SOURCE MATERIAL
--- START ---
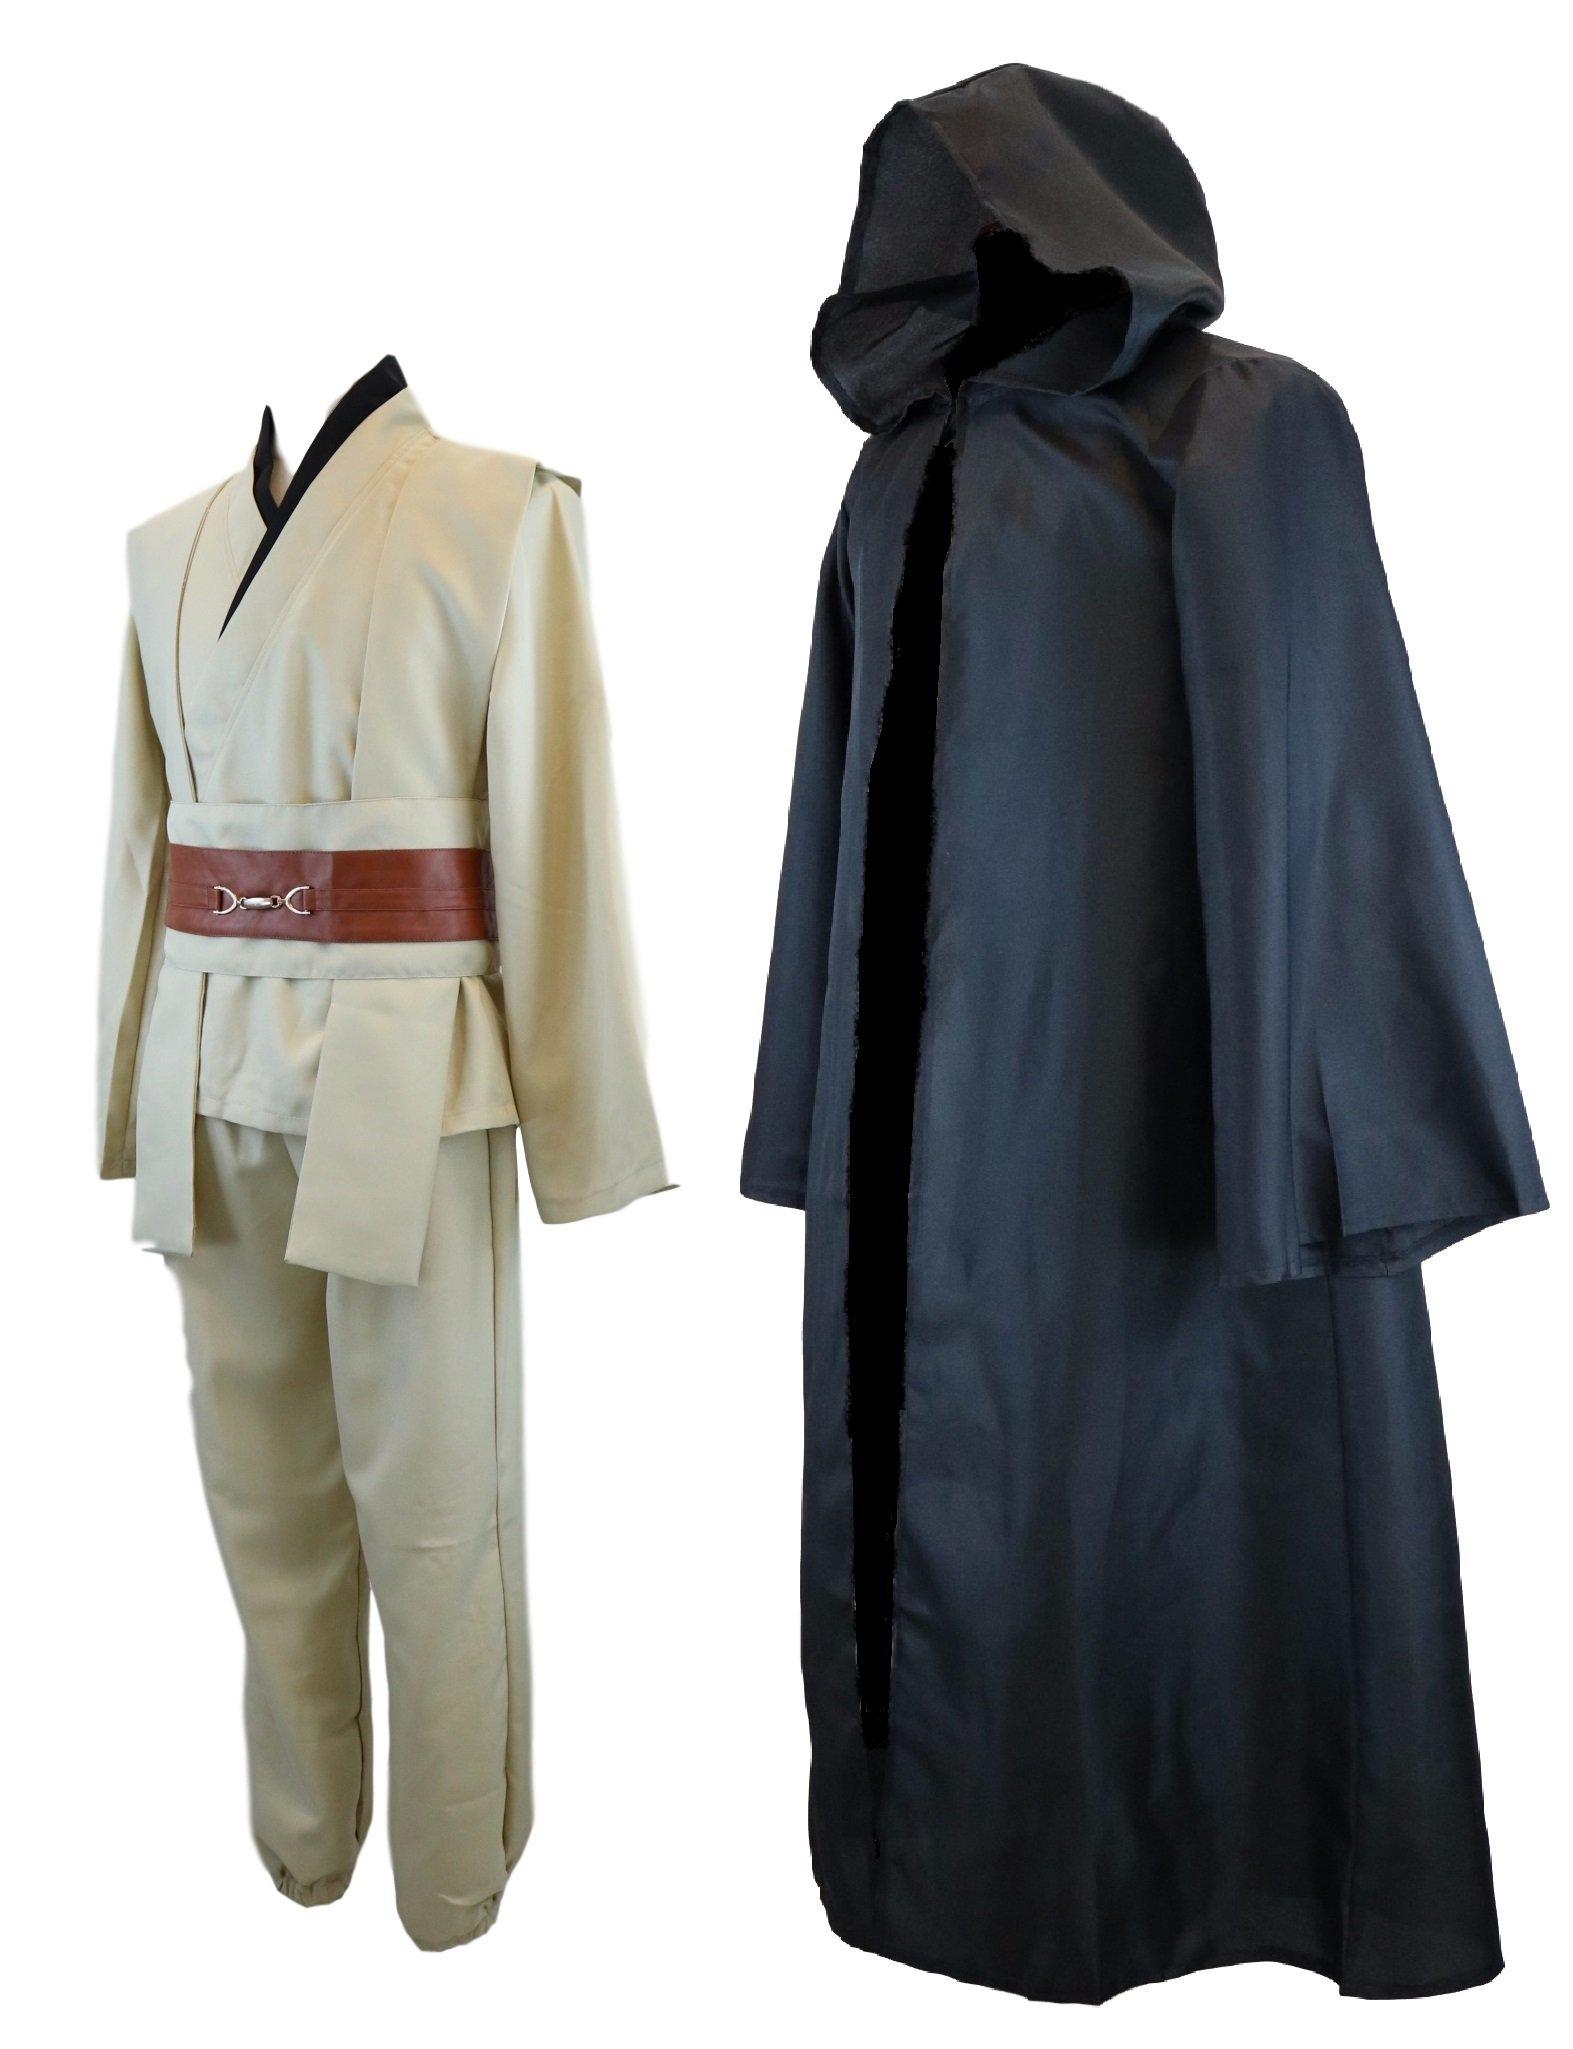 Hideaway Star Wars Jedi Style Robe Costume [ Black Version ] Anakin, OBI-Wan, Luke Cosplay Set (S) by Hide Away (Image #1)
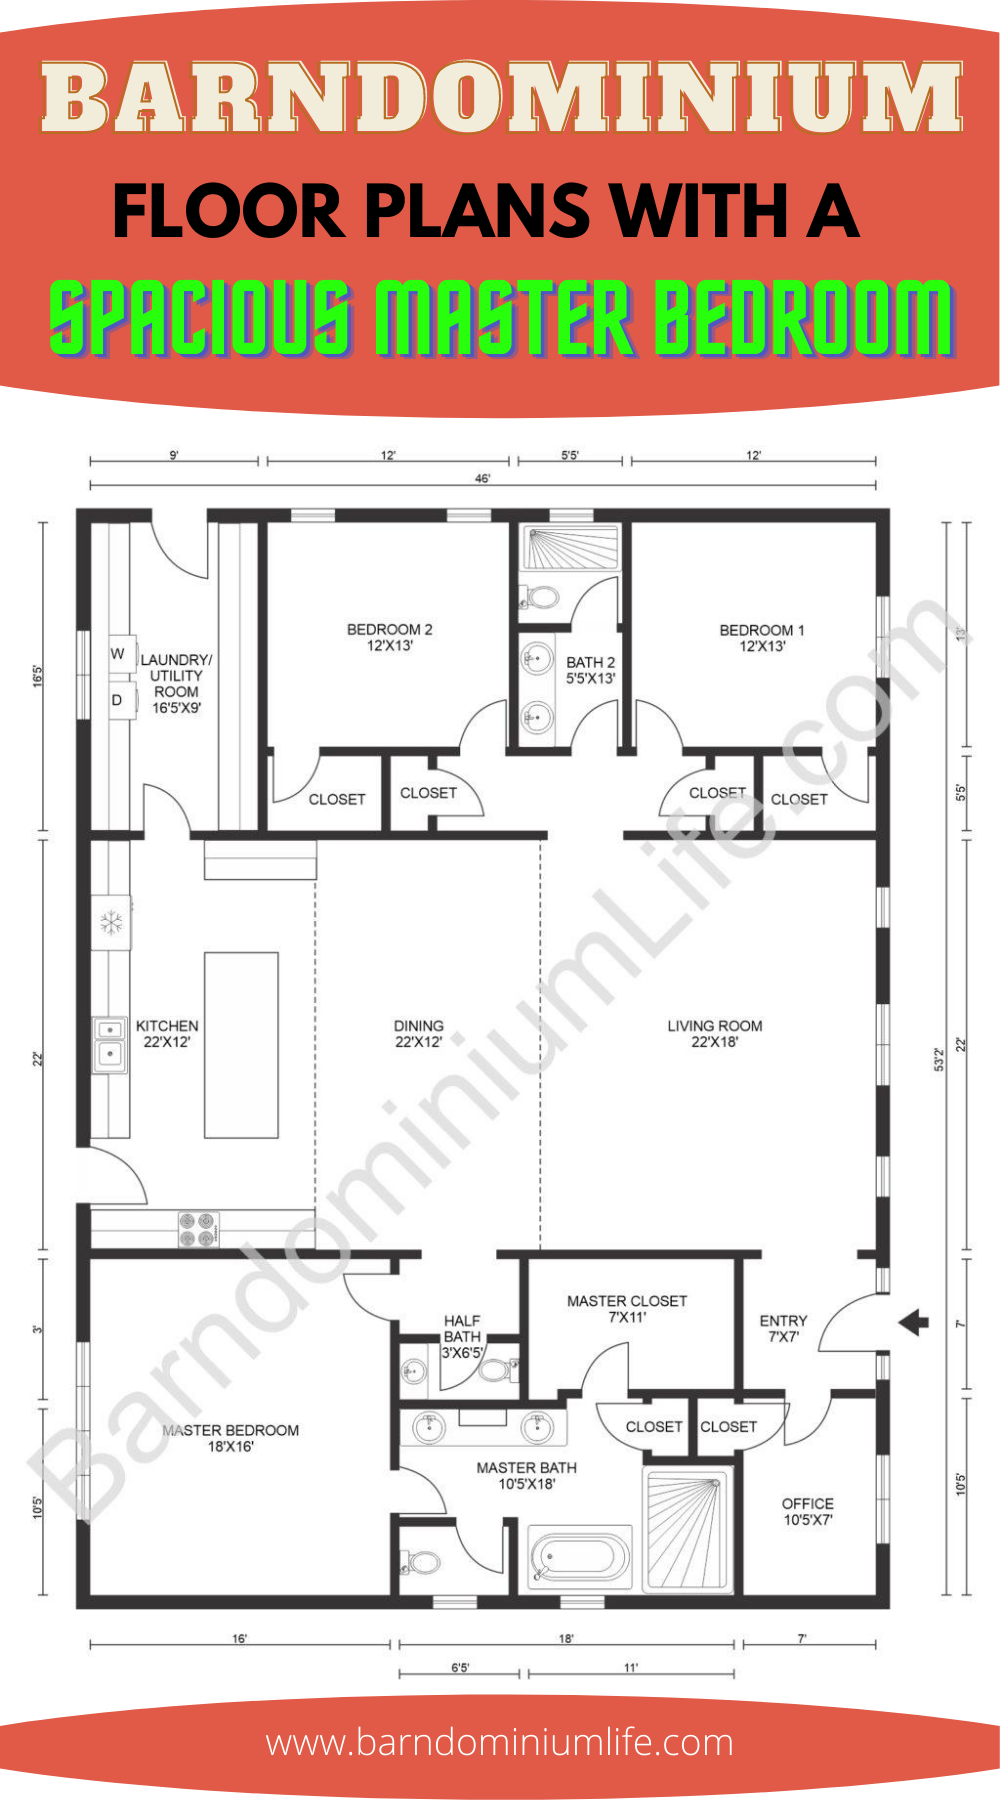 Barndominium Floor Plans with a Spacious Master Be
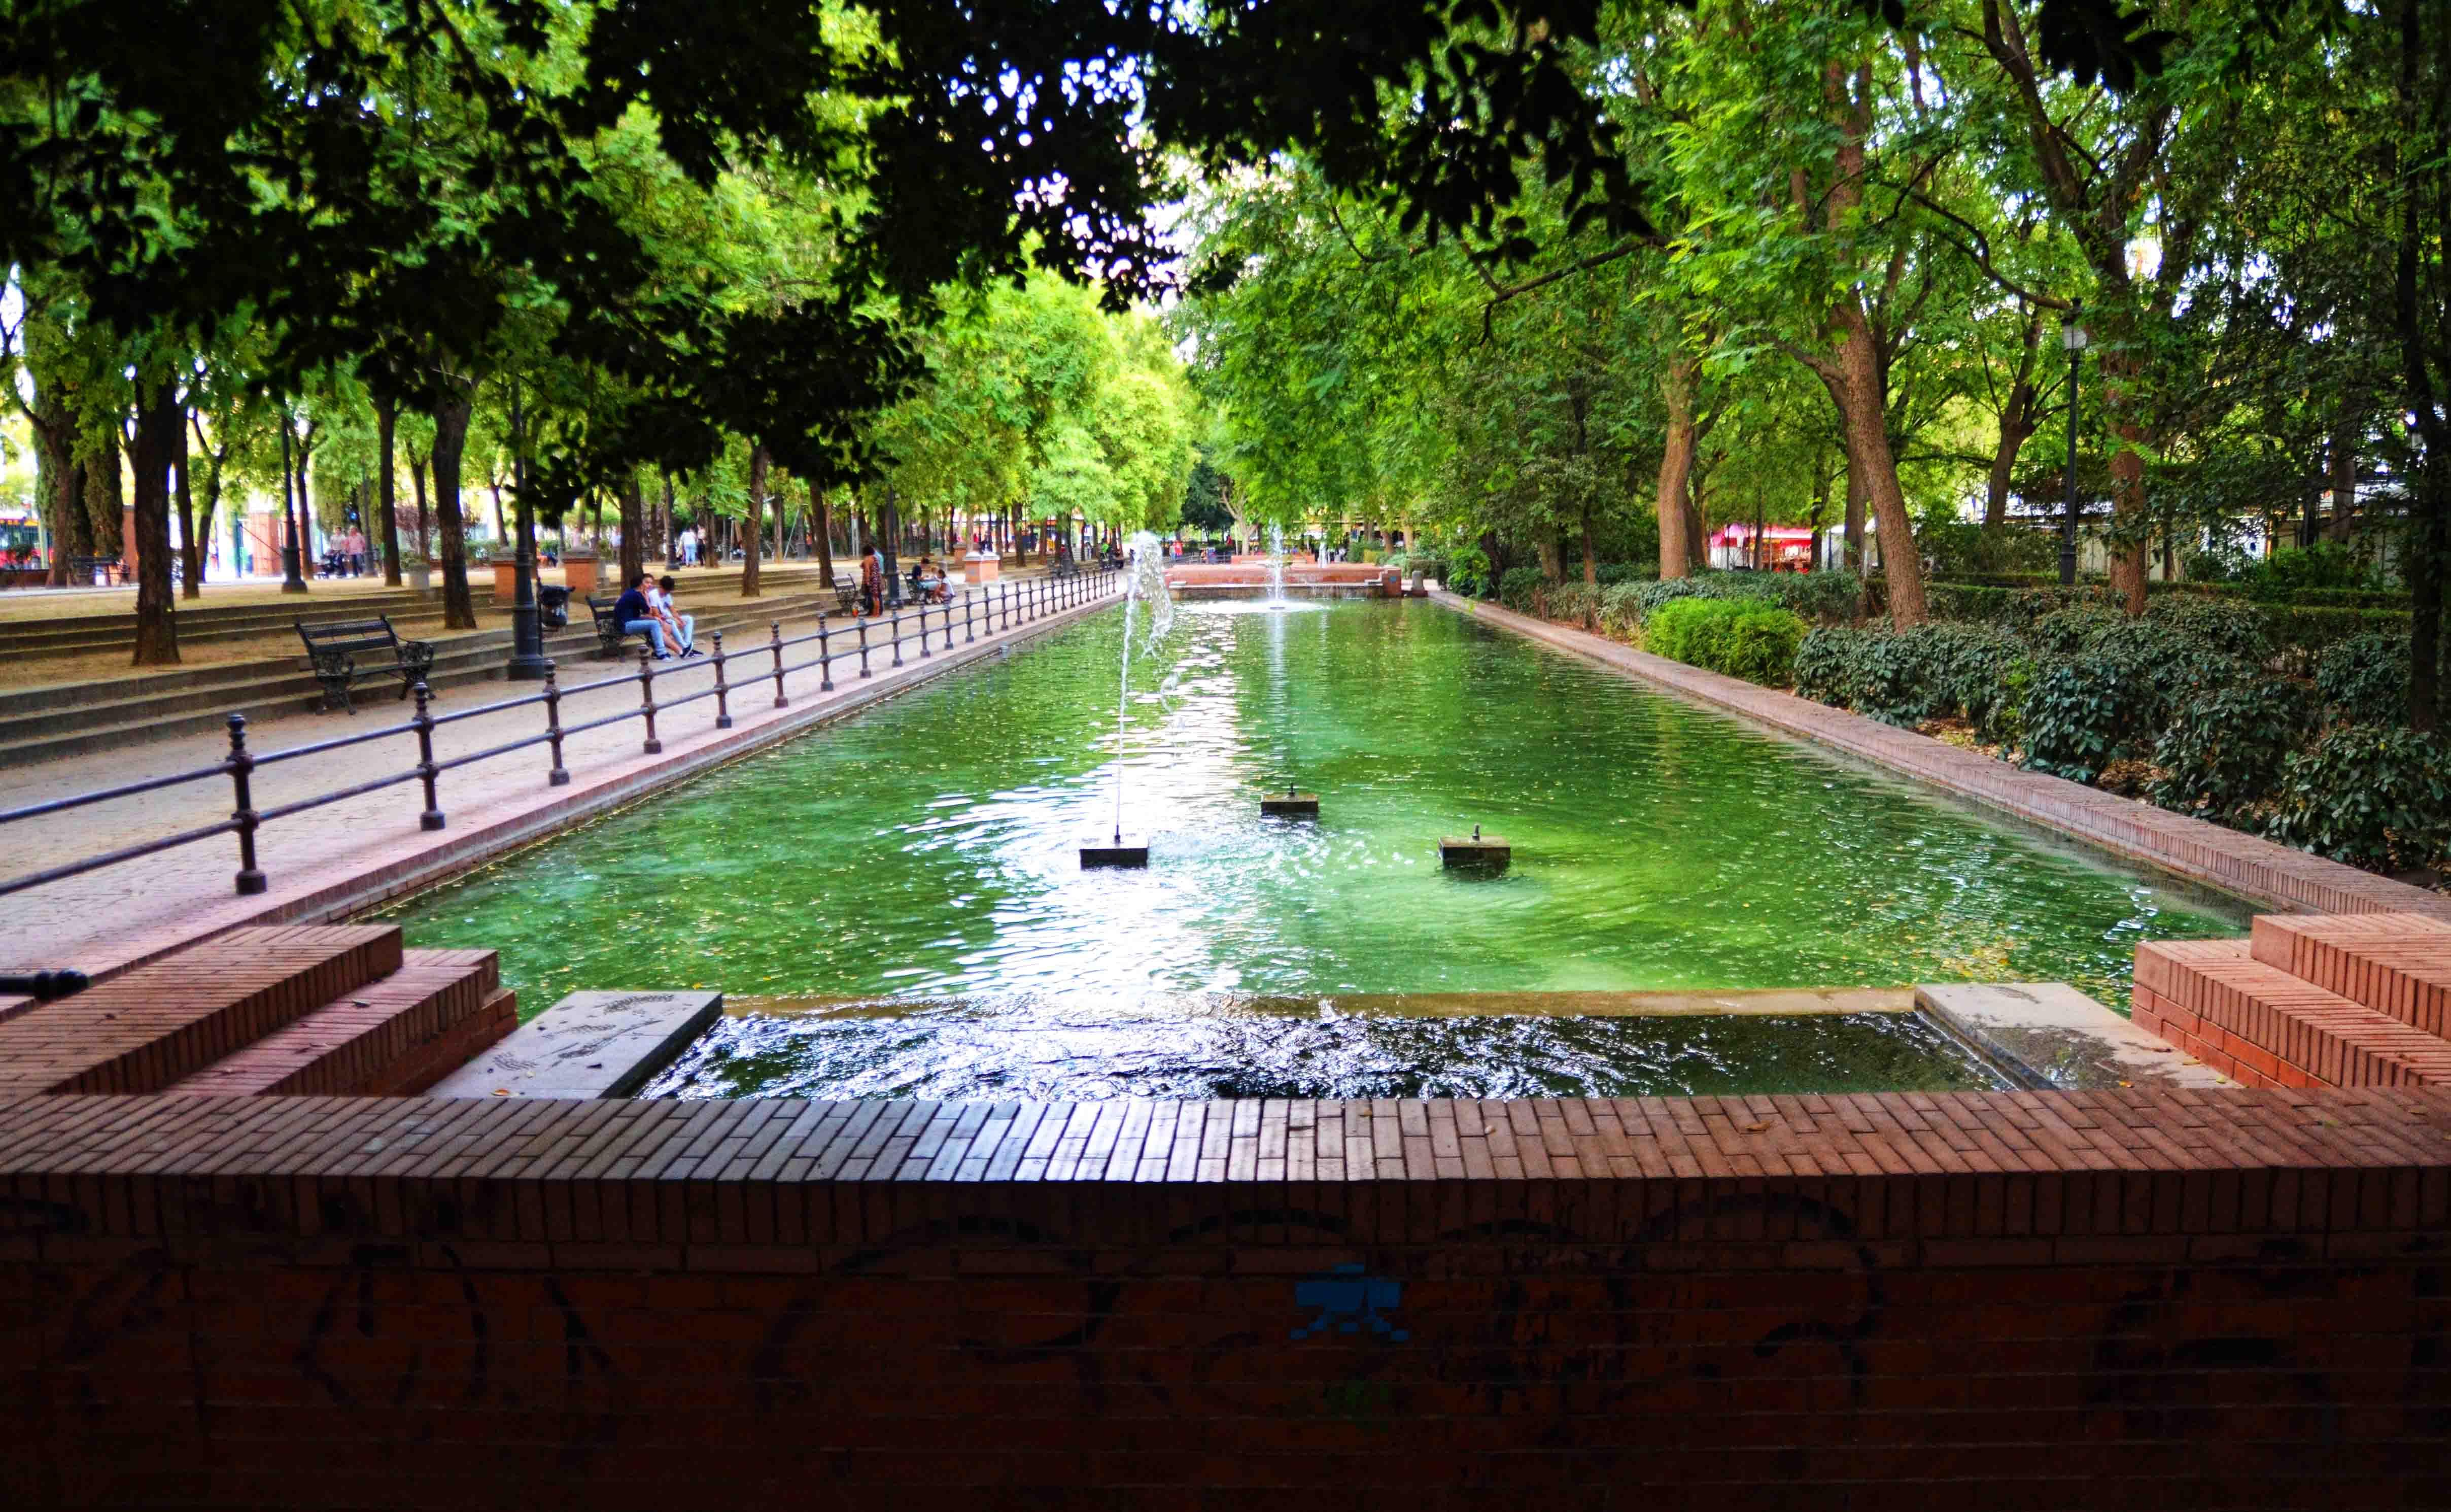 Prado de San Sebastian Park entrance.
--- END ---
PROBLEM
Counting both ends, reproduce word for word the lines from the line with "Barndominium Floor Plans" to the final line of the listing above, skipping every picture.

PROBLEM SOLUTION
 Barndominium Floor Plans with a Spacious Master Be
 Prado de San Sebastian Park entrance.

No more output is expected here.